A child would pick up that you have plenty of cabbage, but can't leave the goat without it, lest it starve. Also, there's no mention of boat capacity, so you could just bring them all over at once. Useful? Sometimes. Intelligent? No.
I also can't help but notice that the competition is exactly one match short, for some reason exactly one of the 561 possible pairings has not been included.
I had heard of prompt injection already. But, this seems different, completely out of humans control. Like even when you consider web search functionality, he is actually right, more and more, users are losing control over context.
Is this dangerous atm? Do you think it will become more dangerous in the future when we chuck even more data into context?
Isn't it Δ∇Λ welded together? The bottom left and right vertices are where the wheels are attached to, the middle bottom point is where the big gear with the pedals is. The lambda is for the front wheel because you wouldn't be able to turn it if it was attached to a delta. Right?

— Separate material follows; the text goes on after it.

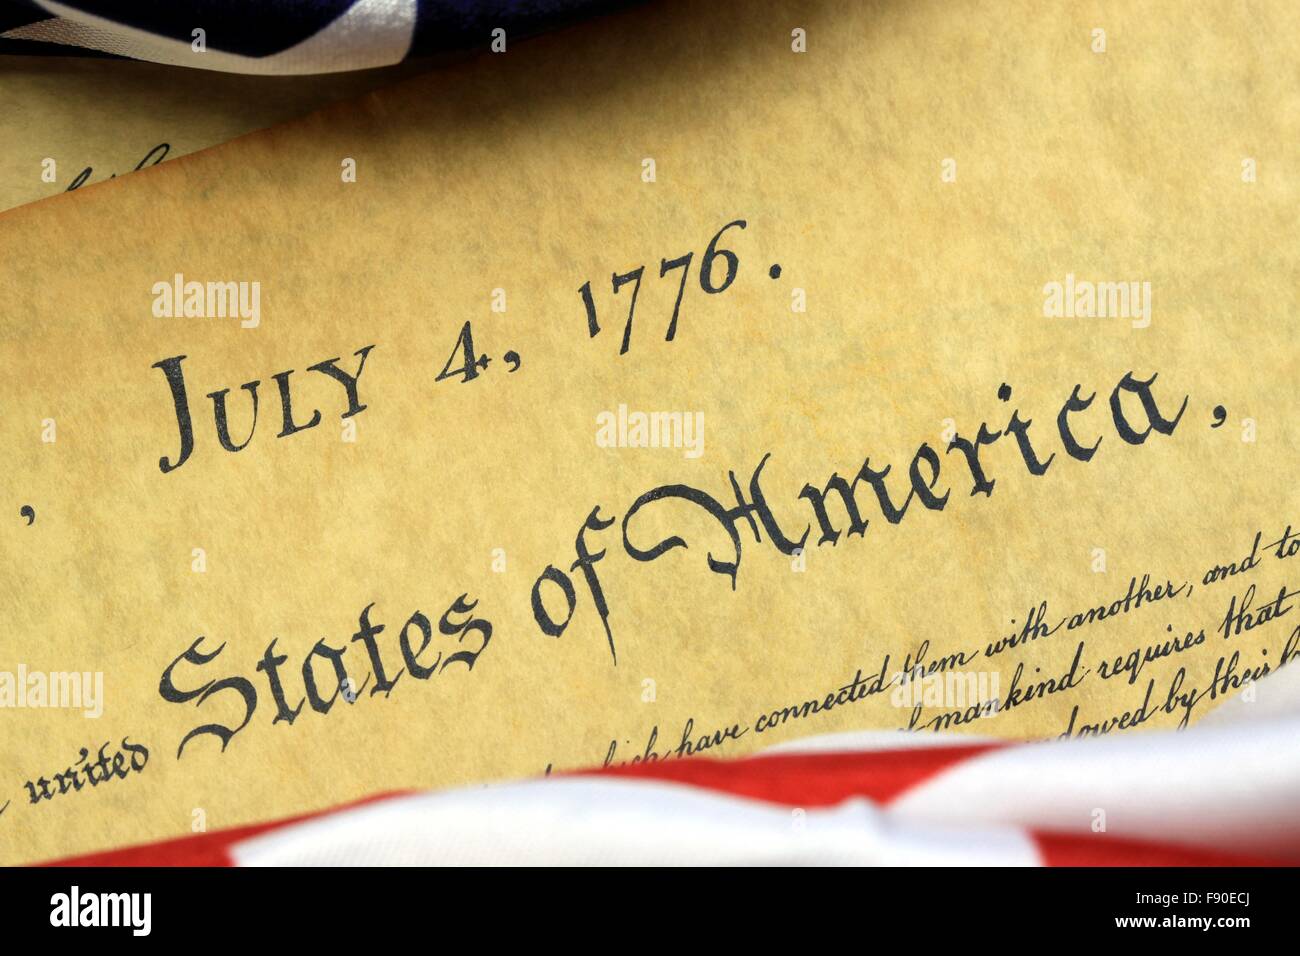 Historical Document US Constitution - We The People Stock Photo
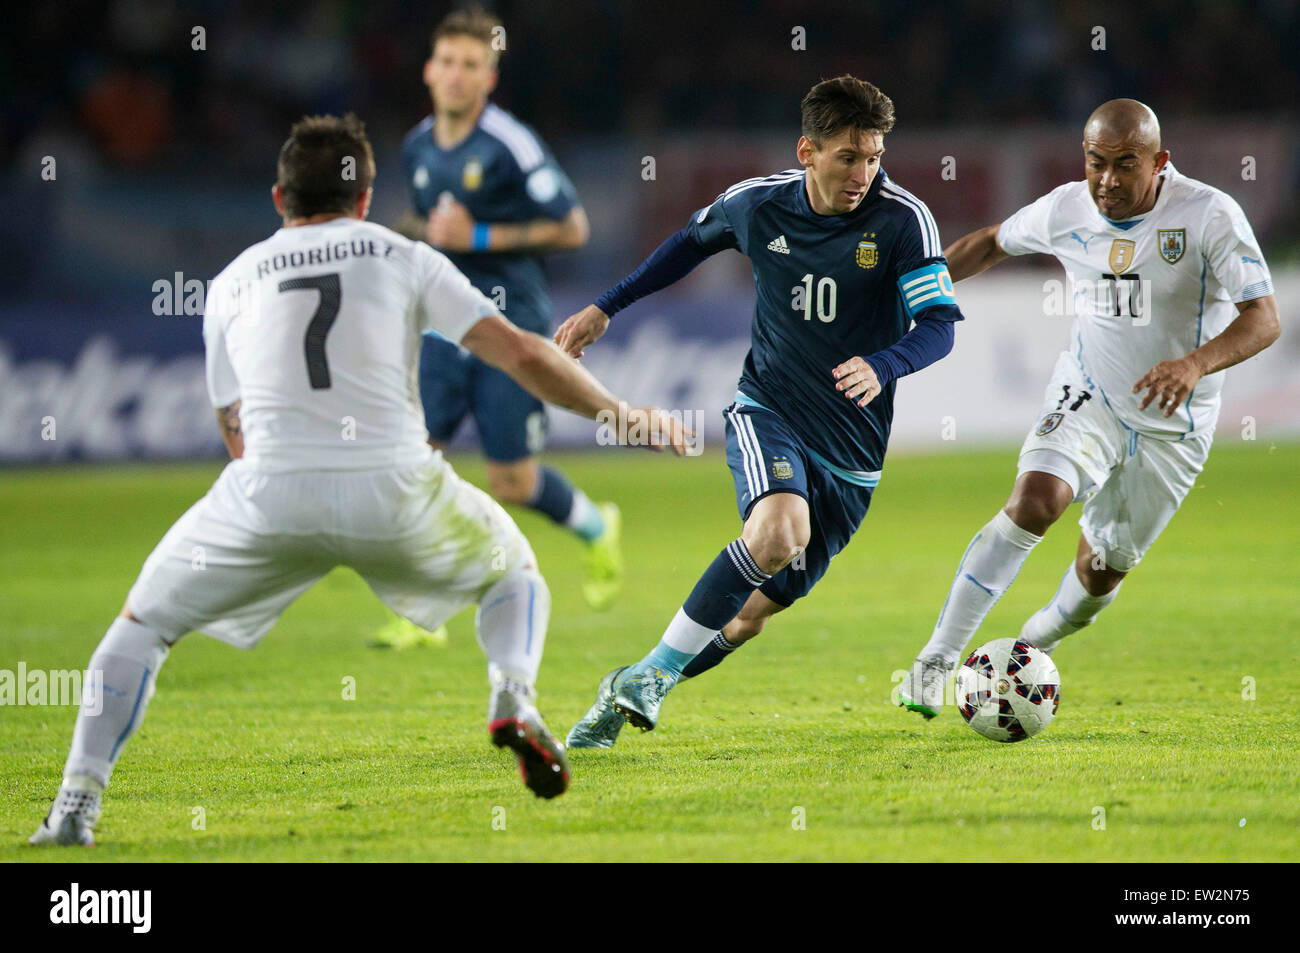 La Serena, Chile. 16th June, 2015. Lionel Messi (C) of Argentina vies for the ball with Cristian Rodriguez (L) and Egidio Arevalo of Uruguay during the Group B match at the 2015 American Cup, at La Portada stadium, in La Serena, Chile, on June 16, 2015. Argentina won 1-0. Credit:  Luis Echeverria/Xinhua/Alamy Live News Stock Photo

I guess having my first bicycle be a cheap Soviet-era produced one paid off: I spent loads of time fidgeting with the chain tension, and pulling the chain back onto the gears, so I guess I had to stare at the frame way too much to forget even by today the way it looks.
The top results (click on the top Solutions) were pretty impressive: https://www.kaggle.com/competitions/drawing-with-llms/leader...
https://www.oneusefulthing.org/p/the-recent-history-of-ai-in...
GIGO in motion :-)
OP seem to ignore that pelican has a distinct look when evaluating these doodles.
But bicycles are famously hard for artists as well. Cyclists can identify all of the parts, but if you don't ride a lot it can be surprisingly difficult to get all of the major bits of geometry right.
> As a power user of these tools, I want to stay in complete control of what the inputs are. Features like ChatGPT memory are taking that control away from me.
You reap what you sow....
> I already have a tool I built called shot-scraper, a CLI app that lets me take screenshots of web pages and save them as images. I had Claude build me a web page that accepts ?left= and ?right= parameters pointing to image URLs and then embeds them side-by-side on a page. Then I could take screenshots of those two images side-by-side. I generated one of those for every possible match-up of my 34 pelican pictures—560 matches in total.
Surely it would have been easier to use a local tool like ImageMagick? You could even have the AI write a Bash script for you.
> ... but prompt injection is still a thing.
...Why wouldn't it always be? There's no quoting or escaping mechanism that's actually out-of-band.
> There’s this thing I’m calling the lethal trifecta, which is when you have an AI system that has access to private data, and potential exposure to malicious instructions—so other people can trick it into doing things... and there’s a mechanism to exfiltrate stuff.
People in 2025 actually need to be told this. Franklin missed the mark - people today will trip over themselves to give up both their security and their liberty for mere convenience.
> Claude 4 will rat you out to the feds!
>If you expose it to evidence of malfeasance in your company, and you tell it it should act ethically, and you give it the ability to send email, it’ll rat you out.
Say what you want about Facebook but at least they released their flagship model fully open.
no... that is an attempt at it actually drawing the pedals, and putting the pelicans feet right on the pedals!